First, opposition to each of the opposed issues cited does not mean that opponents have “litigated the SWP’s very existence.” In fact, several organizations that have sued DWR are now working to pass Senate Bill 872 (SB 872). SB 872 would fund both Delta levee upgrades and repairs of SWP canals that are functioning poorly because the ground beneath the canals is sinking. That’s an effort to make the SWP work better.
CSPA and other organizations have litigated the way that DWR operates the State Water Project, not the SWP’s existence. If these GMs of two state water contractors cannot imagine the existence of the SWP under different operations, that says more about them than about those who have tried to hold DWR accountable.
Second, no one has litigated the issue of time extension for DWR’s water right permits. DWR could have had this wrapped up a decade ago, including litigation, if any. Preemptive legislation in place of due process is not the answer.
Mr. Deshmukh and Ms. Pryor call out a number of the issues that CSPA and others have litigated or simply opposed. Here’s our take on those:
- “Bond validations”: DWR tried to authorize bond funding in 2020 for a new Delta tunnel project, on the basis that a section of the Water Code passed in 1959 generally allows DWR to build and modify the State Water Project. Two courts said the general statute was not enough basis for selling bonds. The California Supreme Court refused to hear it on appeal.
- “Routine incidental take permits”: Sorry, but we don’t think the rules that govern the operation of the State Water Project in the Delta are “routine.” We think they kill fish, both individually and in terms of long-term population declines. We also don’t think the take permits can lawfully duck consideration of how much water DWR keeps in storage in Oroville Reservoir. So, let’s have a judge decide.
- “Water transfers”: We don’t think entities north of the Delta should be selling water to entities south of the Delta when there’s not enough water in storage north of the Delta to protect fish. We also think it’s generally a bad idea to deplete Sacramento Valley groundwater in order to sell surface water to people south of the Delta who otherwise don’t have the right to it.
- “Long-term repayment contracts”: We don’t think DWR (or the Bureau of Reclamation, for that matter) should renew contracts for water that they can’t reliably meet.
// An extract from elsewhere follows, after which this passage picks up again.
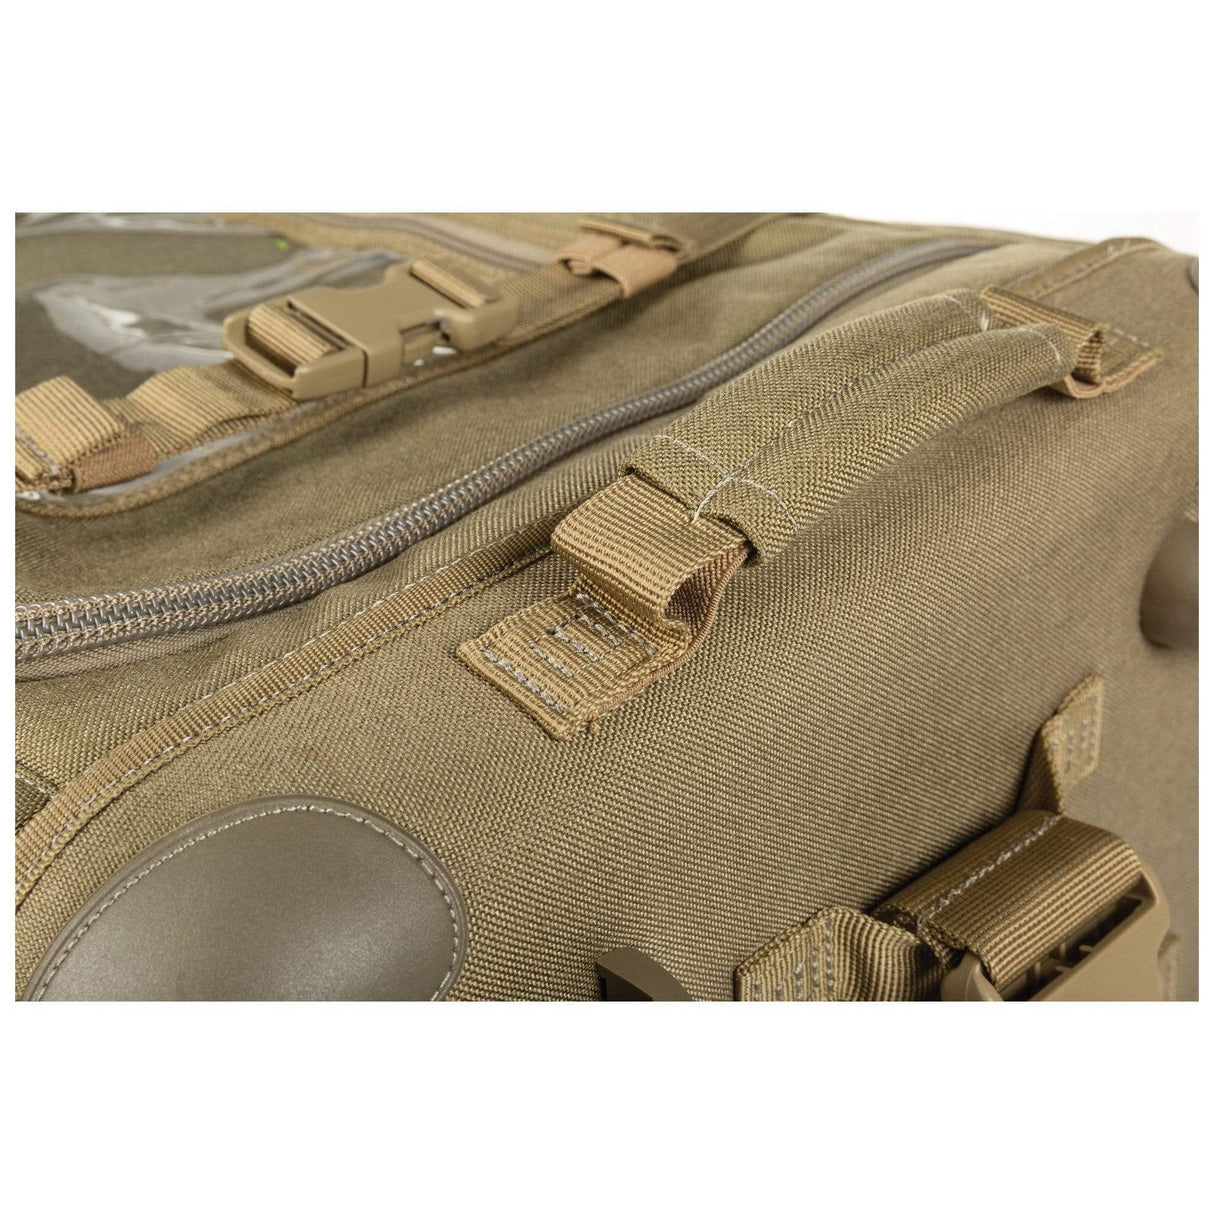 CAMS™ 3.0 190L - 5.11 Tactical Finland Store

It creates structural over-demand for water in an over-allocated system. Fish and the environment get stuck giving up water because contracts promise too much. So, we have challenged contracts.
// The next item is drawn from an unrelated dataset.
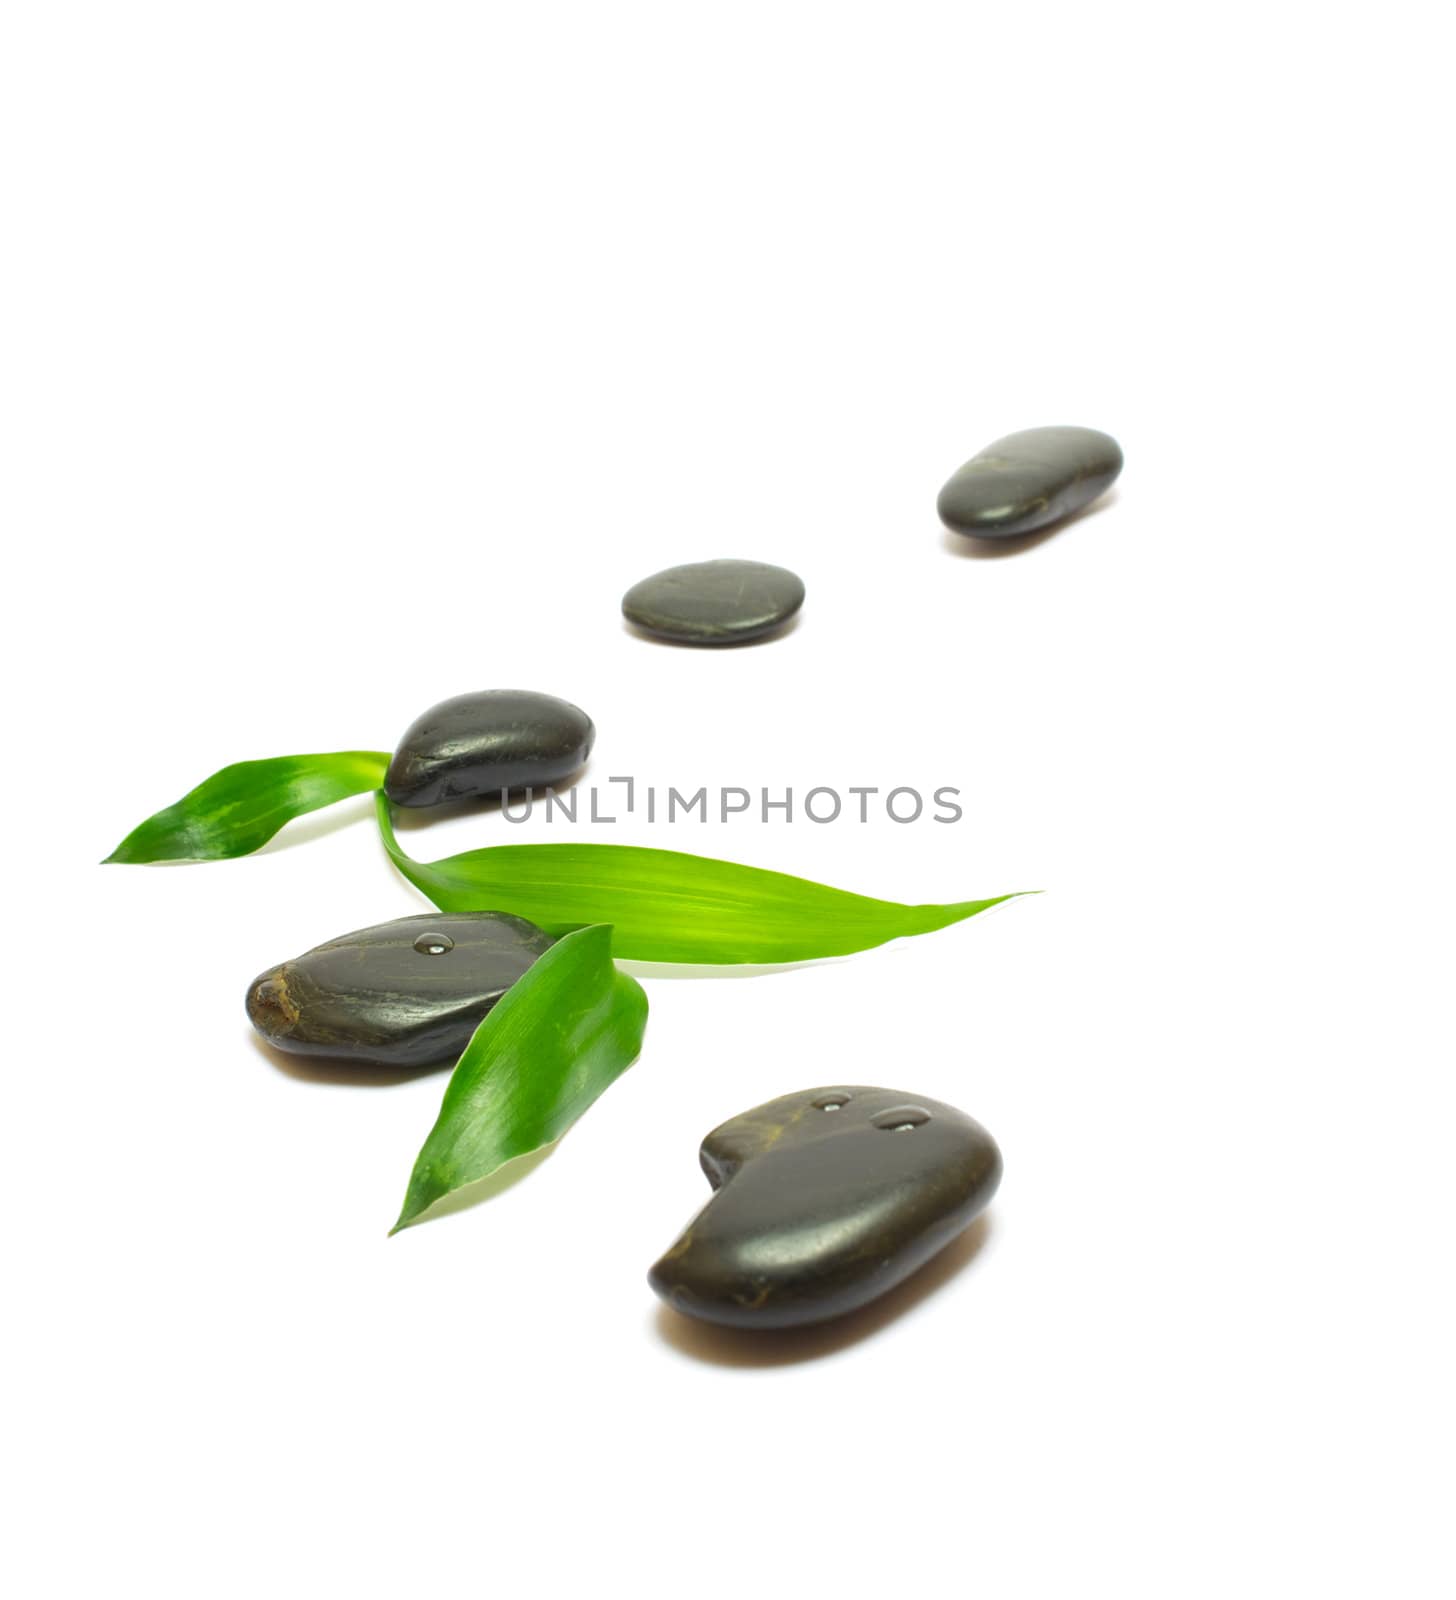 Black stones and bamboo leafs isolated on white

Finally, there’s Mr. Deshmukh and Ms. Pryor’s sweeping attack on motivation: “this isn’t principled environmentalism.” Actually, the people who over the years have fought DWR’s efforts to take more water out of the Delta are some of the most principled people I know. And one of the first principles they stand for is that DWR and everyone else needs to leave enough water in rivers and the Delta for those ecosystems to thrive.
Some Final Thoughts
From where CSPA sits, we are constantly compelled to oppose projects that are variations on the same theme: to take more water out of rivers and the Delta. It’s been a pervasive theme for decades, long before response to climate change was the rationale. We’ve now entered an era when that theme is increasingly armed with efforts to change the rules. We defend those rules when they give a fighting chance to principled, responsible people who think California needs to live within its means when it comes to water.
With AB 2215, the effort to change the rules didn’t work. We thank committee staff for its hard work and sober analysis of this bill. We also thank all the people who talked to all the legislators and their staffs in the effort to oppose to this bill.